What needs to be done
Lines from the one containing "Magnolia's on King, King" through the end of the listing are what is wanted, given again exactly with both ends included and pictures left out.

Information supplied
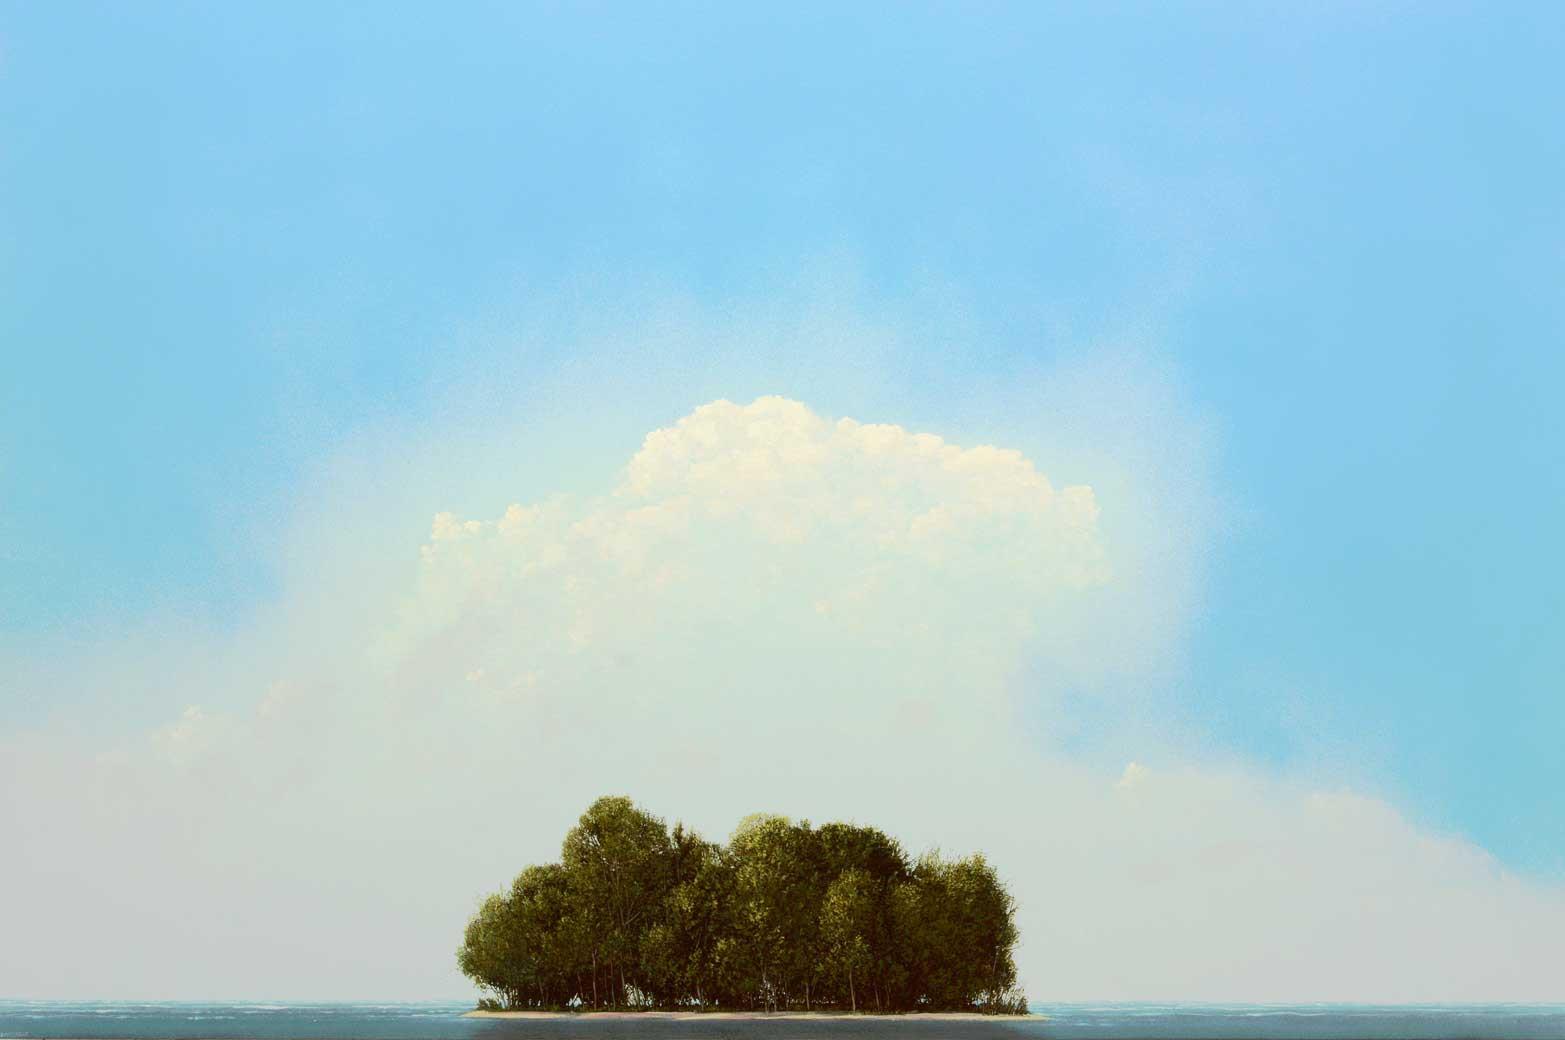 Amoza amoza-island,robert marchessault
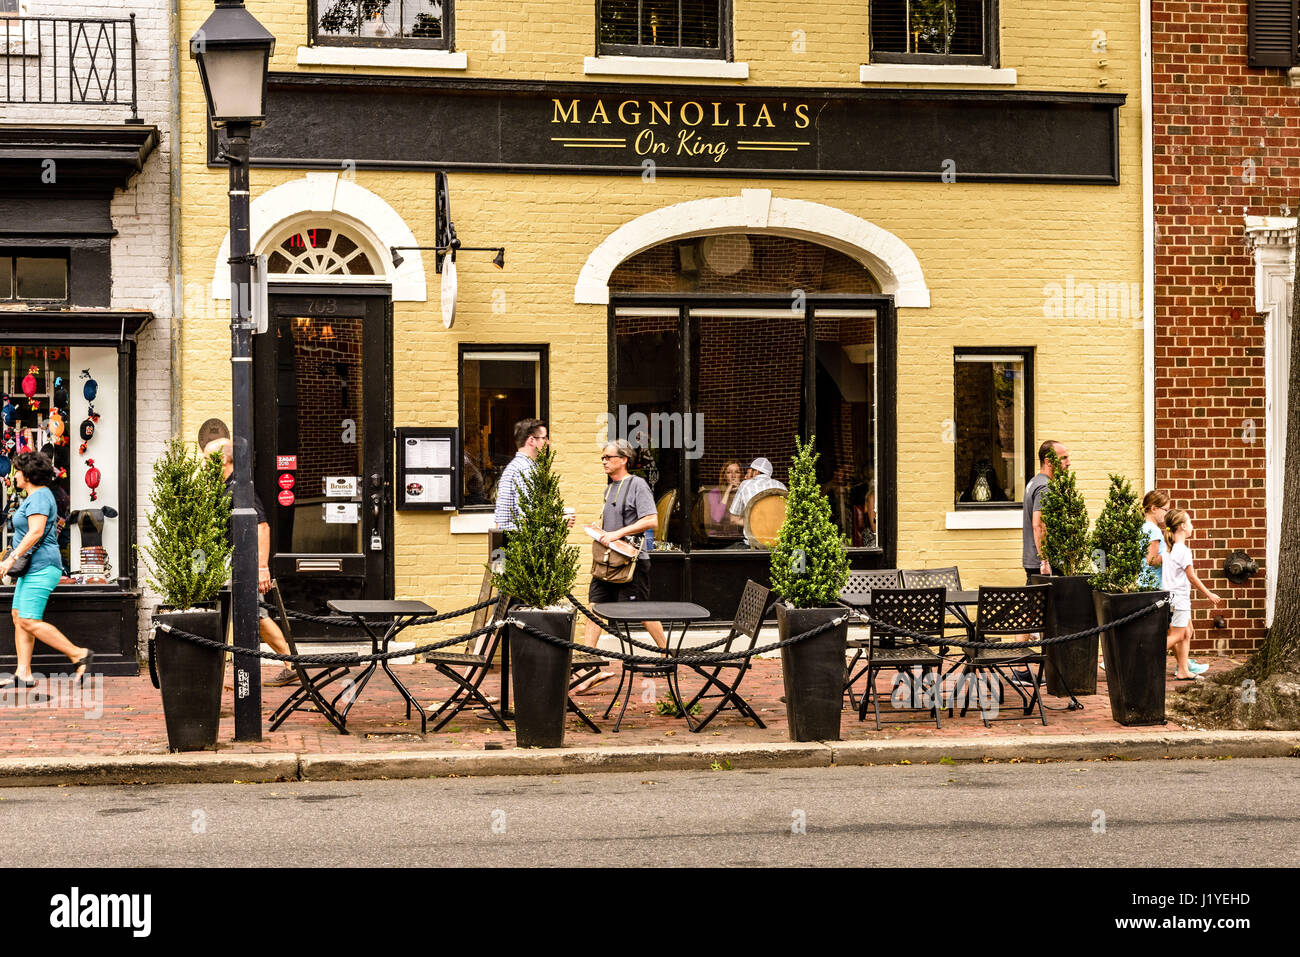 Magnolia's on King, King Street, Old Town Alexandria, Virginia - Stock Image
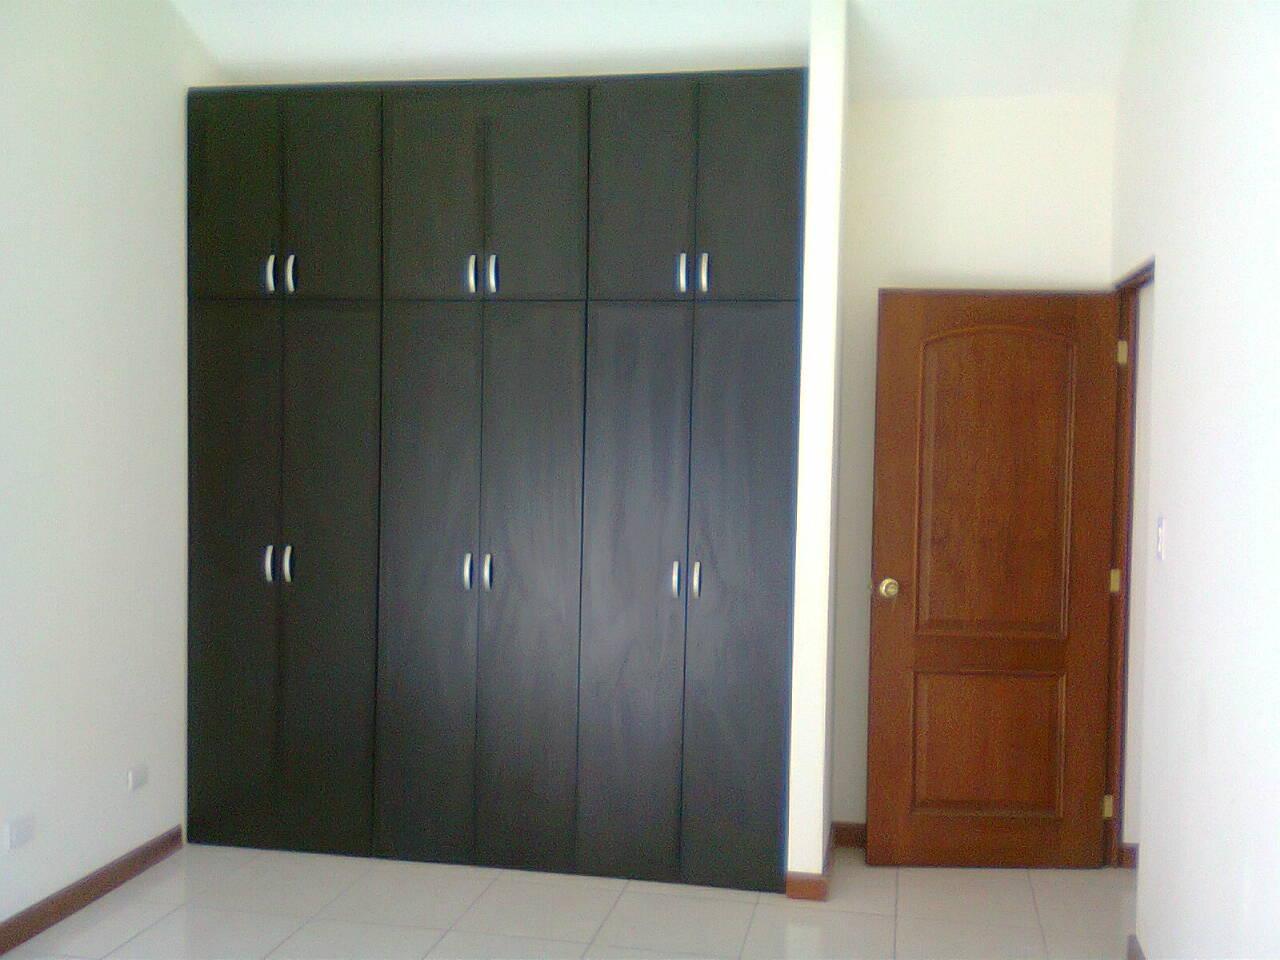 Closet en melamina color wengue cocinas funcionales for Closet melamina
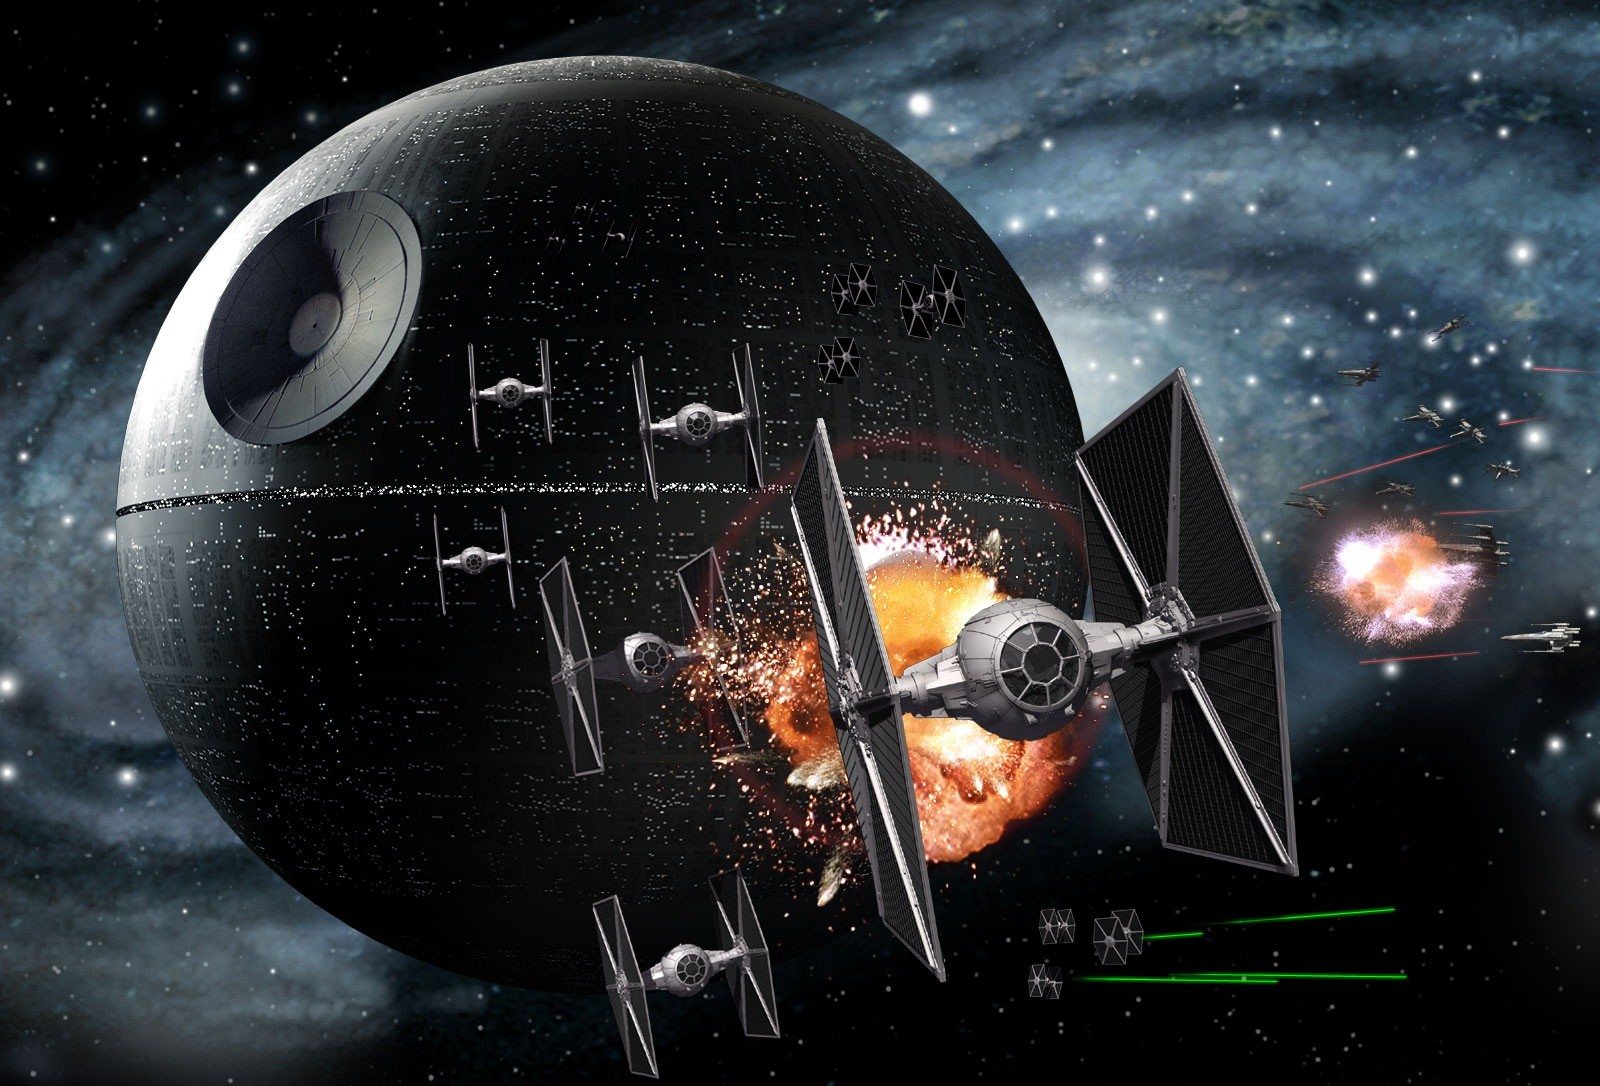 Star Wars HD Desktop Wallpapers   New HD Wallpapers 1600x1086

Answer space
 Magnolia's on King, King Street, Old Town Alexandria, Virginia - Stock Image
 Closet en melamina color wengue cocinas funcionales for Closet melamina
 Star Wars HD Desktop Wallpapers   New HD Wallpapers 1600x1086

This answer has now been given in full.